IAG is expecting that it will be 2023 before passenger demand recovers, and it has also warned that it is “restructuring its cost base” to reduce the size of airlines, including Aer Lingus.

Today, Aer Lingus staff at Shannon have been told by their employer that it needs to take further steps to address this crisis, in moves which could further impact those workers.

The airline says it has “no line of sight” on any meaningful resumption of operations from Cork and Shannon, and as a result it’s “reviewing the scale of their flying programme” from both airports, and the viability of their regional bases there.

The airline criticises government policies on aviation, calling them the most restrictive in Europe

It adds that this, and the failure to strike a deal with unions shows “there has been a failure in Ireland amongst a number of key stakeholders to understand or appreciate the scale and depth of the crisis in the aviation sector.”

The airline says the decisions ahead will not be taken lightly, but are critical to protect the company.

The note to staff finishes by saying further information will be provided “as it becomes available.”

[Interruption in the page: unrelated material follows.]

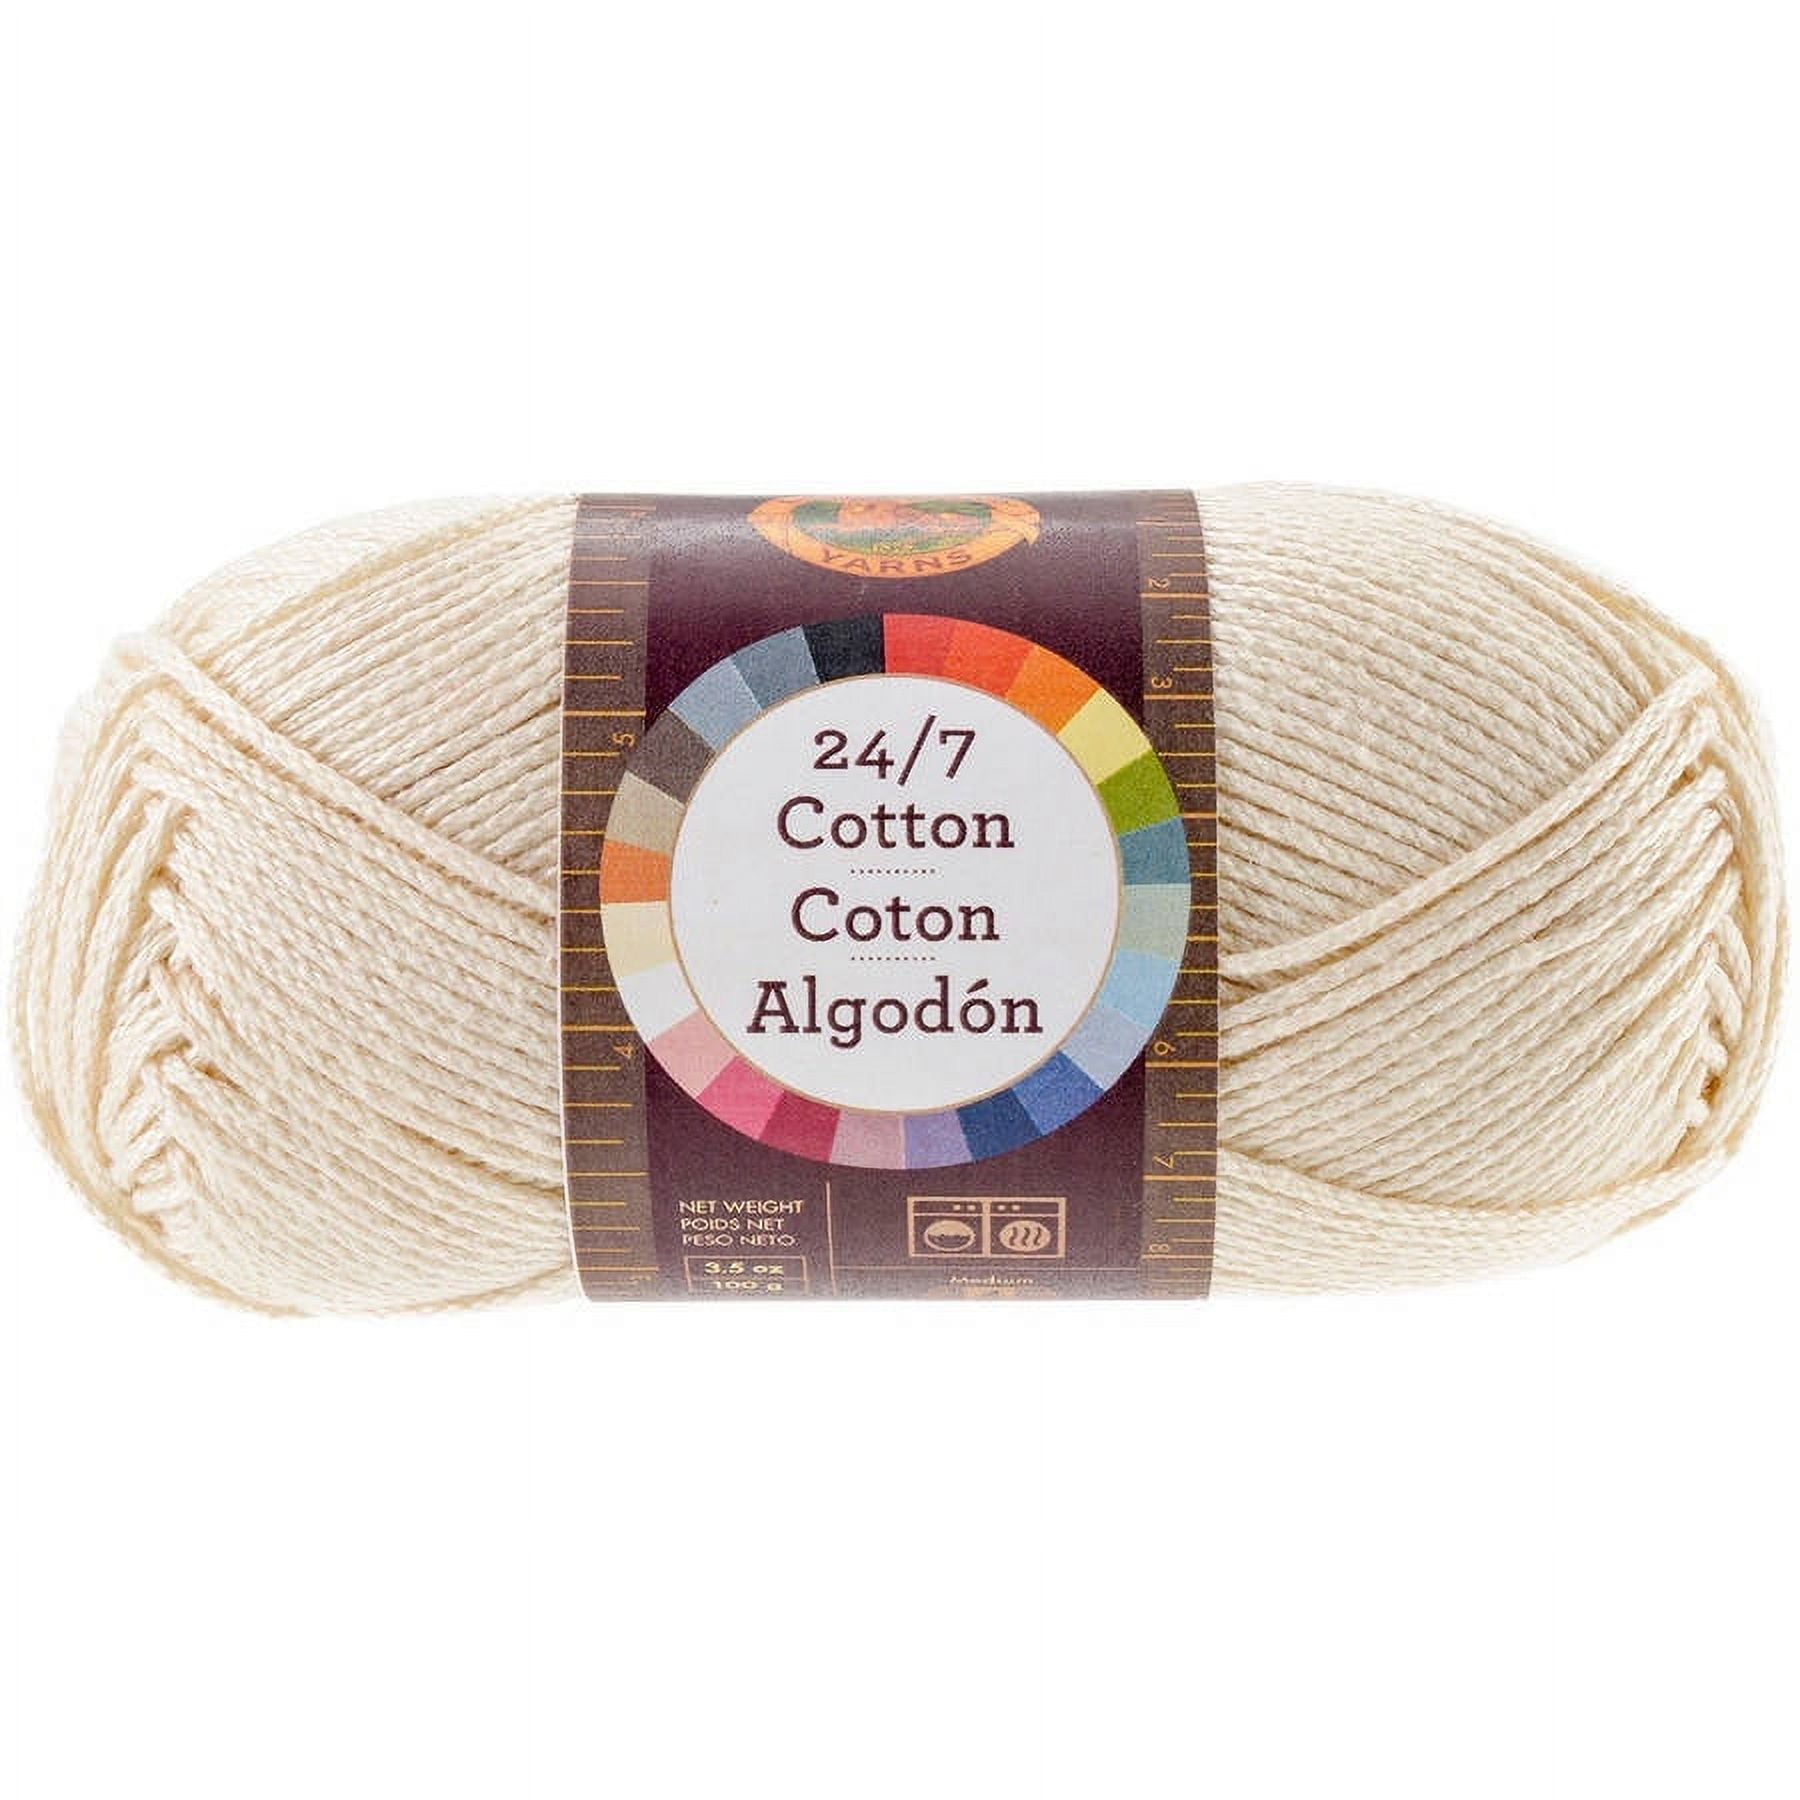 Lion Brand Yarn 24/7 Cotton Dk Yarn, Tamarin

In a statement to Clare FM, Aer Lingus says it needs to make “significant redundancies” across its business and says compulsory redundancies will be implemented if needed.

Statement From Aer Lingus

The catastrophic impact of COVID-19 on the aviation sector has been compounded in Ireland by the implementation of the most restrictive travel policies in Europe and the  failure to implement supports for the sector. Aer Lingus has also not made the required progress on the  implementation of industry standard work practices with key cohorts of employees. In this context and given the Aer Lingus quarterly results today, significant redundancies are required across the business. The redundancies will be on voluntary basis if possible but may be implemented compulsorily if required. Consultations are ongoing with the relevant representative bodies in this regard. Aer Lingus is also reviewing the scale of our flying programme from Cork and Shannon Airports and the ongoing viability of our regional bases there.